In our project, we decided to examine athletic school spirit at Macalester. In order to examine this unquantifiable variable, we looked at varsity athletics attendance.
We hypothesized the following:
The more involved in athletics you are, the more sporting events you will attend.
Spirit by frequency: more attendance means more school spirit
Varsity athletes have more school spirit.
By modeling data about game attendance, we can infer athletic spirit as a whole. We also predicted that there would be several other factors influencing attendance. These factors include: being a varsity athlete, personal importance of school spirit, major, etc. In order to further understand the relationship between athletic involvement and attendance, we also looked at how long people stayed at games, and what games they attended.
We found our data using an online survey administered over social media, mainly Facebook. We collected data over a two week span and received 216 responses. We analyzed our data using RStudio.
Variable Descriptions
Spirit was the measure of how important a student views school spirit. This was on a scale of 1-7, 1 being not important, 7 being extremely important.
Varsity Athlete Status was whether or not the student is a varsity athlete.
Club Athlete Status was whether or not the student is a club athlete.
Frequency was the measure of how often students attended varsity athletic events.
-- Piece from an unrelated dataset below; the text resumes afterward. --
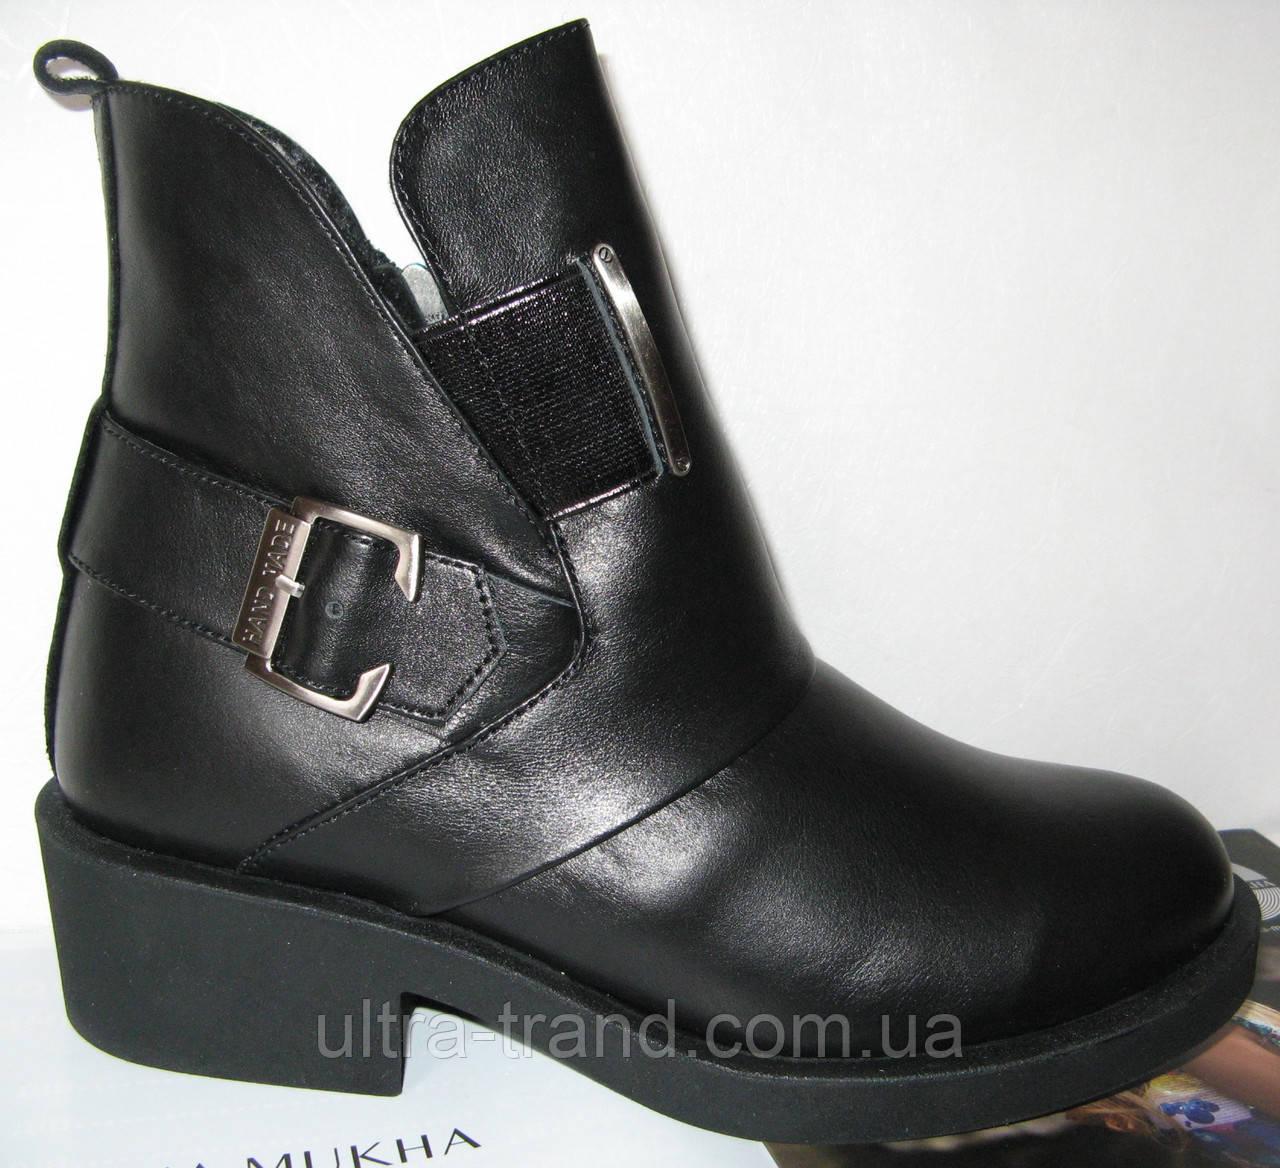 Женские зимние кожаные ботинки в стиле Diesel   продажа, цена в ... b503c574b76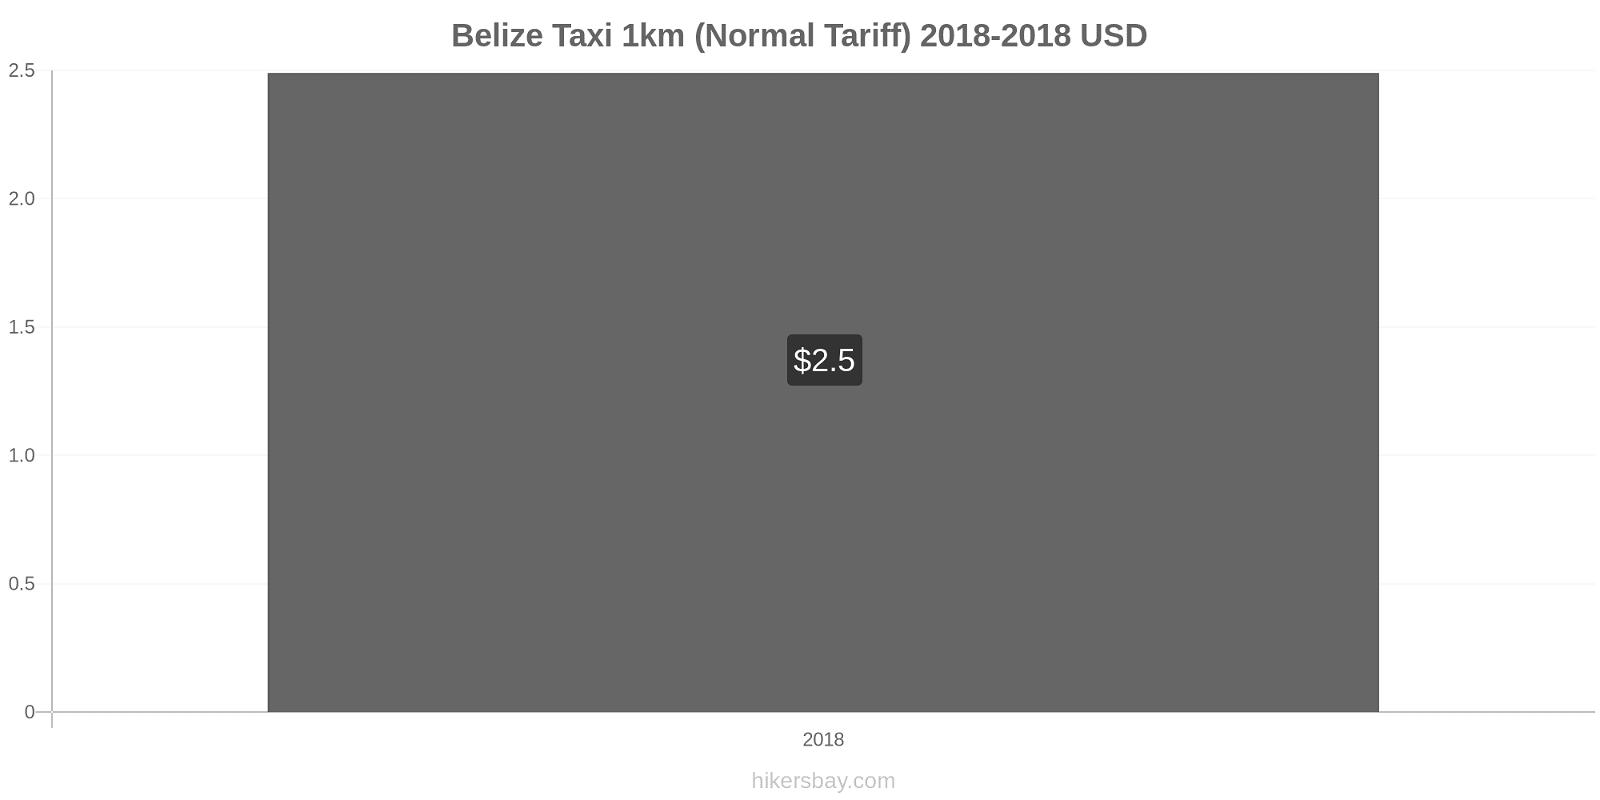 Belize price changes Taxi 1km (Normal Tariff) hikersbay.com

The options were Never, Rarely, Sometimes, Often, or Always.
We renamed our variables for our sanity and yours.
## [1] ""
## [2] "Baseball"
## [3] "Football"
## [4] "Football, Men's Track and Field"
## [5] "Men's Cross Country"
## [6] "Men's Cross Country, Men's Track and Field"
## [7] "Men's Soccer"
## [8] "Men's Soccer, Men's Tennis"
## [9] "Men's Swimming and Diving"
## [10] "Men's Track and Field"
## [11] "Volleyball"
## [12] "Women's Cross Country"
## [13] "Women's Cross Country, Women's Track and Field"
## [14] "Women's Soccer"
## [15] "Women's Swimming and Diving"
## [16] "Women's Swimming and Diving, Women's Water Polo"
## [17] "Women's Tennis"
## [18] "Women's Track and Field"
## [19] "Women's Water Polo"
Graphs of Relationships between Variables
The majority of students answering the survey were Female for unknown reasons:
barchart(tally(~Gender, data = d, margins = FALSE, format = "count"), auto.key = TRUE)
The majority of students answering the survey were second years which is reflective of the fact that we are all second years:
barchart(tally(~Year, data = d, margins = FALSE, format = "count"), auto.key = TRUE)
The students answering the survey were primarily non-athletes which is reflective of the Macalester population:
barchart(tally(~VarsityAthlete, data = d, margins = FALSE, format = "count"),
auto.key = TRUE)
Most Macalester students typically do not attend varsity athletics on a regular basis:
barchart(tally(~Frequency, data = d, margins = FALSE, format = "count"), auto.key = TRUE)
This graph illustrates the responses to the question “How important is school spirit?” 1 corresponds to not important at all, 7 corresponds to extremely important. The responses show a normal distribution:
barchart(tally(~Spirit, data = d, margins = FALSE, format = "count"), auto.key = TRUE)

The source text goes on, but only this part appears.